— Я же сказал… раздеться полностью, Алана. И колготки, и лифчик, и, само собой трусики. Пожалуйста. Будь хорошей девочкой.
Я всё-таки застыла на какое-то время, интуитивно прикрыв руками грудь, после того, как сняла с себя самую простую бежевую блузку, в каких обычно ходили чуть ли не все воспитанницы нашего интерната.
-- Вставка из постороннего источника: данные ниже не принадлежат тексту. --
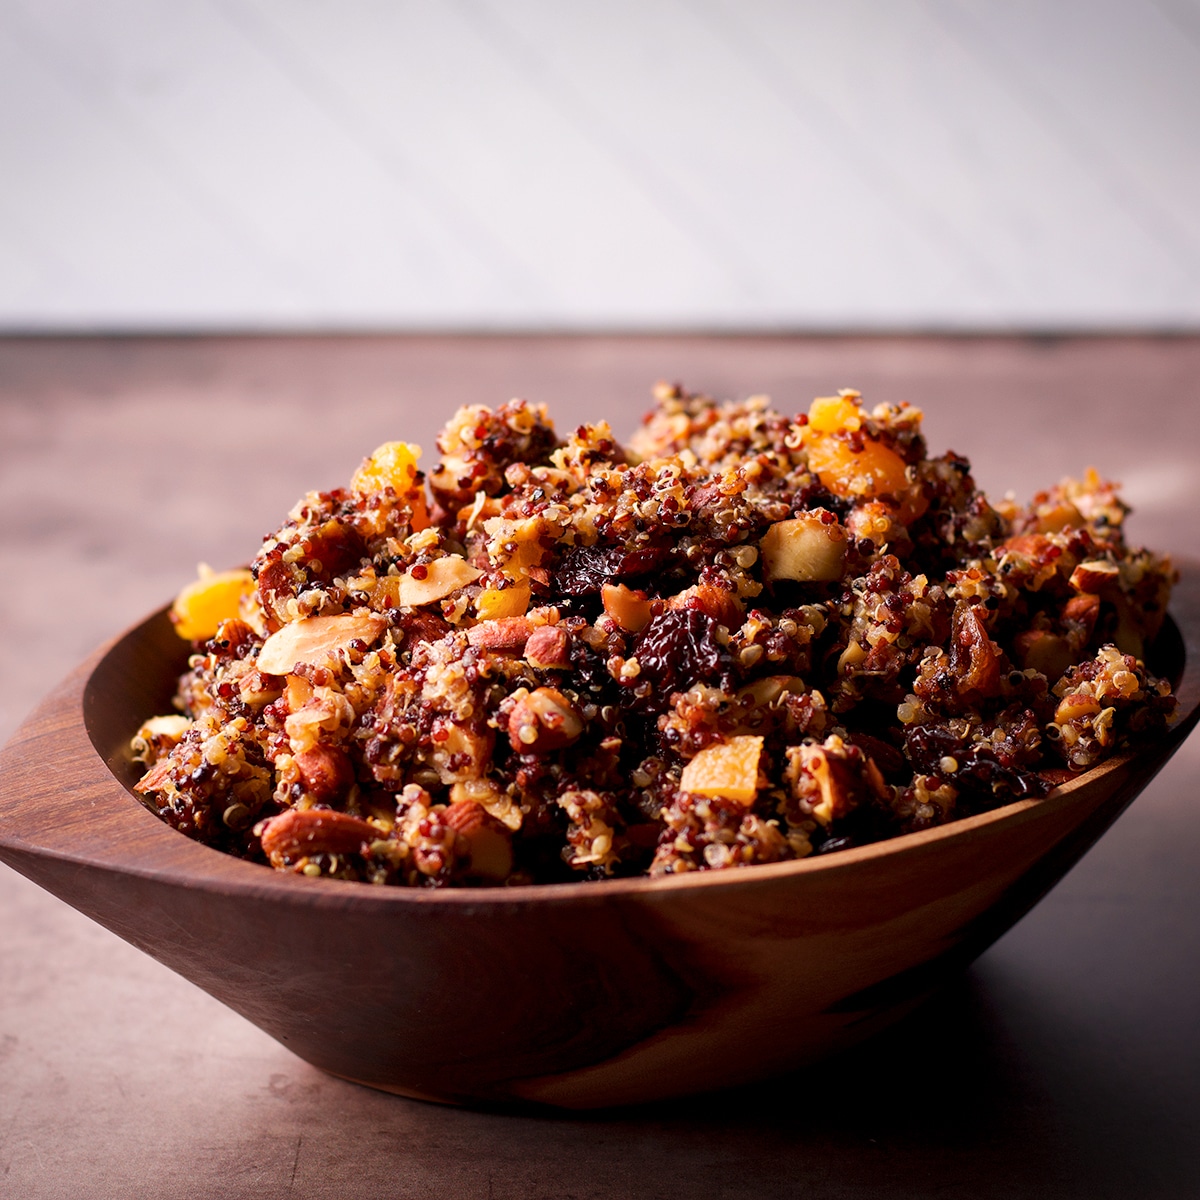 A wood bowl filled with cooked quinoa mixed with chopped nuts and dried fruit.

— А… п-почему вас двое? Или… здесь живёт ещё кто-то… из вашей «семьи» или… «клана»? — попытка перетянуть внимание этих двоих извращенцев в другую тему, ничем желаемым для меня не закончилась. Получить недолгую отсрочку от неизбежного у меня так и не вышло.
— Алана! Раздевайся! И, впредь, очень тебя прошу, не пытайся что-то у нас узнать или выпытать. Ты здесь совершенно для других целей. Для каких. Узнаешь чуть позже. Когда отдохнёшь и более-менее относительно придёшь в себя.
А вот это действительно уже походило на настоящую пытку. Я залилась густой краской стыда и смущения ещё до того, как потянулась дрожащими руками за спину к замочку самого обычного лифчика. Меня словно намеренно пристыдили за то, куда я не должна была совать свой любопытный нос ни под каким из возможных предлогов. И мне реально стало за это стыдно. Как будто я решила воспользоваться на экзамене шпаргалкой и меня на этом только что поймали.
Так что, снимая с себя нижнее бельё, мне хотелось умереть в эти секунды уже буквально. Даже казалось, что ещё немного и хлопнусь в обморок, дайте только недостающий для этого повод. Правда, сил обхватить себя руками, сжать изо всех сил бёдра и забиться в угол перепуганной до смерти мышкой у меня всё же хватило. И испуганно всхлипнуть, в голос, готовясь разрыдаться в любой момент, поскольку Дэй в этот момент вдруг поднялся с кресла и сделал ко мне несколько наступательных шагов. А потом и вовсе навис надо мной, перекрыв окончательно любой даже самый мнимый путь к побегу.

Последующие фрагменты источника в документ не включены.